All my life I’ve heard so many breastfeeding horror stories of cracked and bleeding nipples, babies that won’t latch, babies that bite (yikes!), and heartbreak due to inability to breastfeed. I know many of those stories represent real women and real challenges, and my heart goes out to them. Having difficulties with feeding my baby would have been the one thing that really could have gotten to me as a new mom. I want you to know that there are positive stories about breastfeeding too though. What if we started telling those stories to expectant moms instead? What if we shared our accounts filled with the precious moments and real physical and emotional benefits of breastfeeding to encourage them to at least try to nurse their babies instead of giving up before they even begin?
So let me be the first to start. I have been so blessed to have one such story. No, it hasn’t always been easy. The first two weeks were a challenge as baby and I learned. I was hopeless at unhooking my bra clasp with one hand fast enough to prevent him from starting to scream and getting all worked up. It was awkward to figure out how to balance that baby and his floppy little head to help him stay latched. I was sensitive and sore. Then after the magical two week mark, the soreness went away. After six weeks we had it figured out. No, it wasn’t always easy, but it has been an incredibly positive experience.
I received a few simple pieces of advice that helped me to get started which I want to pass along. While I was pregnant, I read The Womanly Art of Breastfeeding. This is the “bible” of breastfeeding published by La Leche League. It has countless tips and tricks along with troubleshooting and advice to address the whole range of a new mom’s concerns. Immediately after BabyE was born, my dear midwife helped us to get started with breastfeeding. Even though he didn’t latch at that time, after he woke up from a nice long nap, he suckled for a whole hour the first time! Here are the tips that gave us a firm foundation for a positive breastfeeding experience:
#1 Be Supportive. The baby’s mouth will instinctively open wide to nurse. Many babies can scoot to find mama’s breast just minutes after a natural birth, though their necks aren’t always strong enough to get and maintain a good deep latch. When they open wide, they may need you to help them support their heads as they move toward the breast. If it weren’t for my midwife demonstrating to me how to do this, I never would have been confident enough to firmly guide Baby’s head. Don’t worry though, it won’t hurt them, but it will help to get a good latch that doesn’t cause you pain. It was wonderful that even DH could help with this part of breastfeeding when I felt like I needed three hands. The cross-cradle hold is also helps.

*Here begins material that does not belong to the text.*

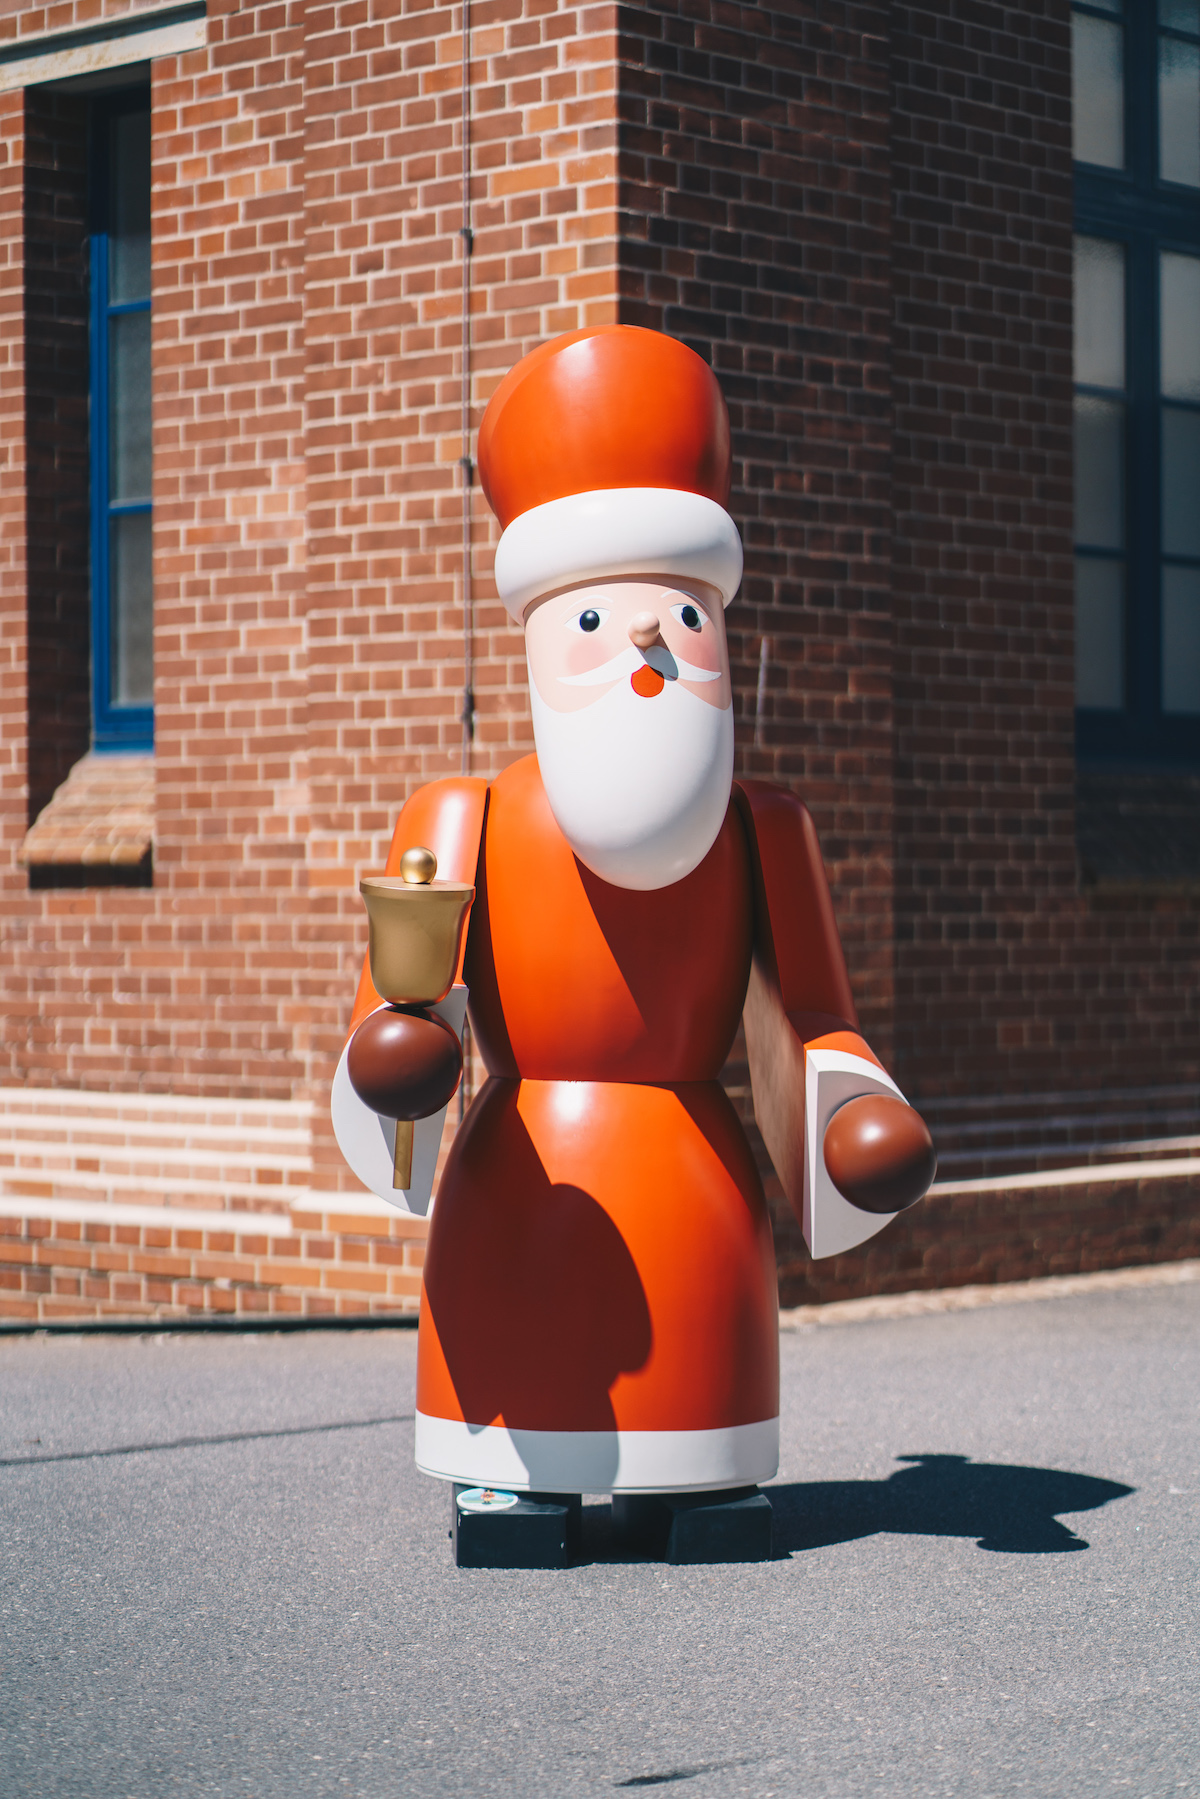 A red life-size Santa Claus made of wood stands in front of a wall of bricks.

|BabyE asleep after a feed.|
#2 Make a “Big Fat Sandwich” and a fishy face. Baby needs to get a big bite of breast tissue in his mouth for a good latch. You may need to flatten out the breast like a sandwich to help him do this, especially in the early days when breasts can be very full. He shouldn’t be sucking only on the nipple. This was something that never occurred to me before reading it. The whole areola should be in his mouth to allow him access to all the milk available. If at the end of the feeding he is relaxed and begins hanging on the nipple only, refer to tip #3. The baby should make a fishy face with mouth wide open and lips turned out. Looking for this helped me make sure that Baby had a good latch. When he latched correctly, I could really feel it. “It’ll curl your toes,” as my midwife told me.

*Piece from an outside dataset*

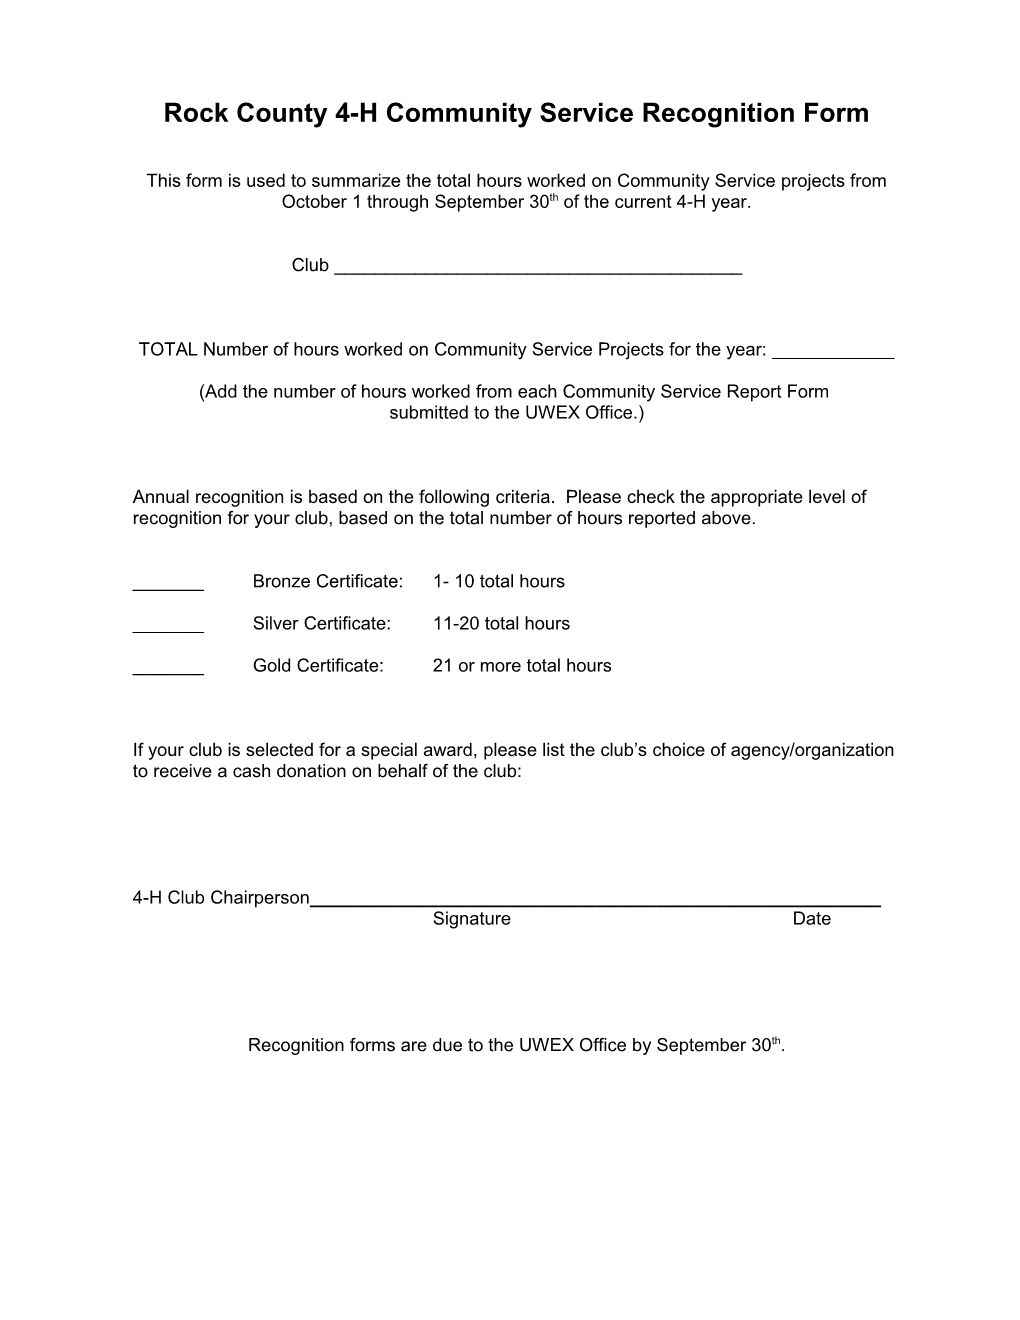 Rock County 4-H Community Service Recognition Form

#3 If the latch isn’t right, detach the baby and start again. When BabyE was brand new, I was so relieved, happy, and proud when he latched at all. The idea of purposefully detaching him seemed crazy to me. Wouldn’t it be better just to let him be? Even though it was difficult, I’m thankful for my midwife’s advice to never put up with a bad latch. I believe, making sure that baby has a good latch is the reason I didn’t have problems with breastfeeding pain or raw cracked nipples.
I hope you’ll find these tips helpful. These are what worked for me. If you’re having trouble, be sure to contact a La Leche League leader or a lactation consultant and get help. You can do it!